LLMs made writing code even more fun than it was before, to me. I guess the outcomes only depends on the user. At this point, it's clear that all my peers that can't have fun with it are using it as they use ChatGPT, just throwing a prompt, hoping for the best, and then getting frustrated.

wiradikusuma - a day ago

From my experience, you should either treat LLM-generated code as the usual code (before LLM age) that you need to review every time it changes, or you should not review it at all and treat it as black box with clearly defined boundaries. You test it by putting on your QA hat, not your Developer hat.

You can't change your stance later, it will just give you a headache.

When the former breaks, you fix it like conventional bug hunting. When the latter breaks, you fix it by either asking LLM to fix it or scrap it and ask LLM to regenerate it.

randomtoast - 2 days ago

I this the only way to escape this trap is by developing better LLMs in the future. The rapid rate at which new AI-generated code is produced means that humans will no longer be able to review it all.

book_mike - 2 days ago

LLMs are powerful tools but they are not going to save the world. I have seen this before. The experienced crowd gets chuffed because it is a new pattern that radically changes their current workflow. The new crowd haven't optimised yet so they over use the new way of doing things until they moderate it. The only difference I can detect is that rate of change increased to an almost uncomprehensable pace.

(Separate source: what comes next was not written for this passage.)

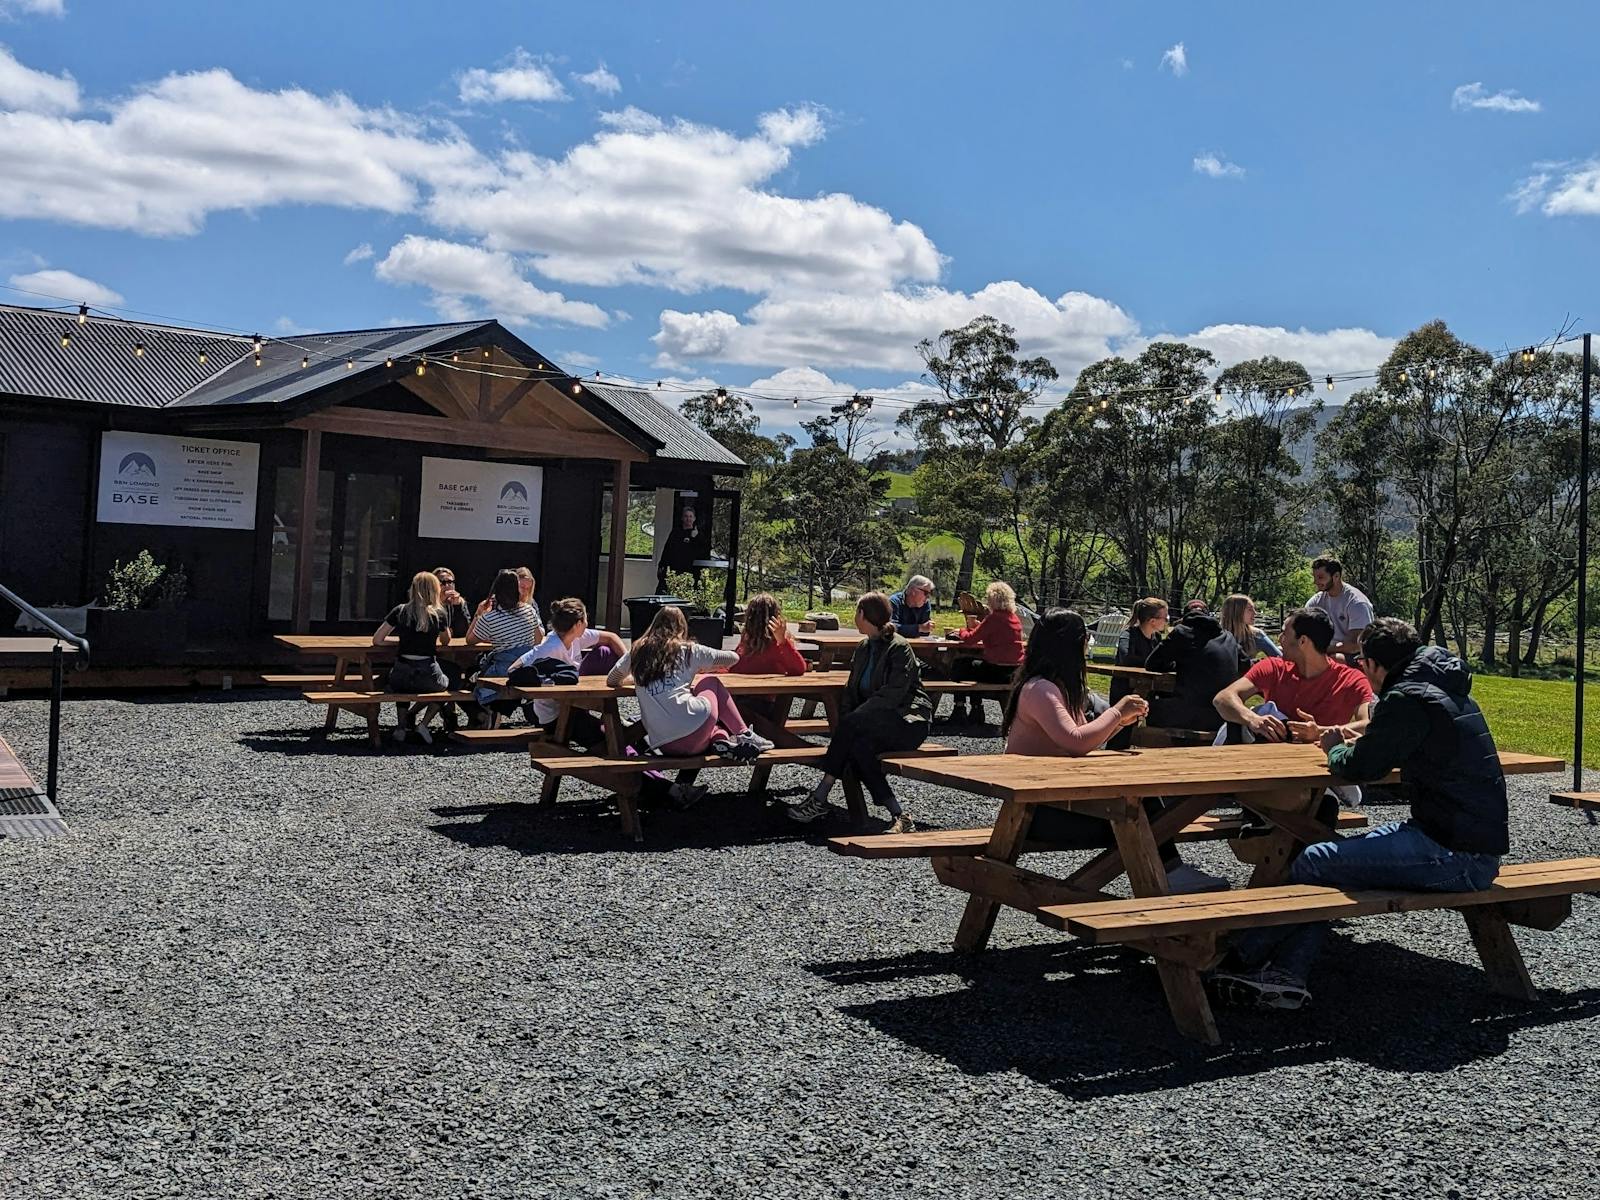 Groups sat on picnic benches outside a cafe

The wave’s still breaking, so I’m going to ride it out until it smooths into calm water. Maybe it never will. I don't know.

cadamsdotcom - a day ago

Easy way to understand the code: have your AI write tests for it. Especially the gnarliest parts.

Tests prevent regressions and act as documentation. You can use them to prove any refactor is still going to have the same outcome. And you can change the production code on purpose to break the tests and thus prove that they do what they say they do.

And your AI can use them to work on the codebase too.

purpleredrose - 2 days ago

Code will be write only soon enough. It doesn't work, regenerate it until it passes your tests, which you have vetted, but probably was also generated.

titaniumrain - 2 days ago

If this problem has existed before, why start worrying now? And if scale might make it problematic, can we quantify the impact instead of simply worrying?

softwaredoug - 2 days ago

You learn more when you take notes. In the same way, I understand the structure of the code better when my hands are on keyboard.

I like writing code because eventually I have to fix code. The writing will help me have a sense for what's going on. Even if it will only be 1% of the time I need to fix a bug, having that context is extremely valuable.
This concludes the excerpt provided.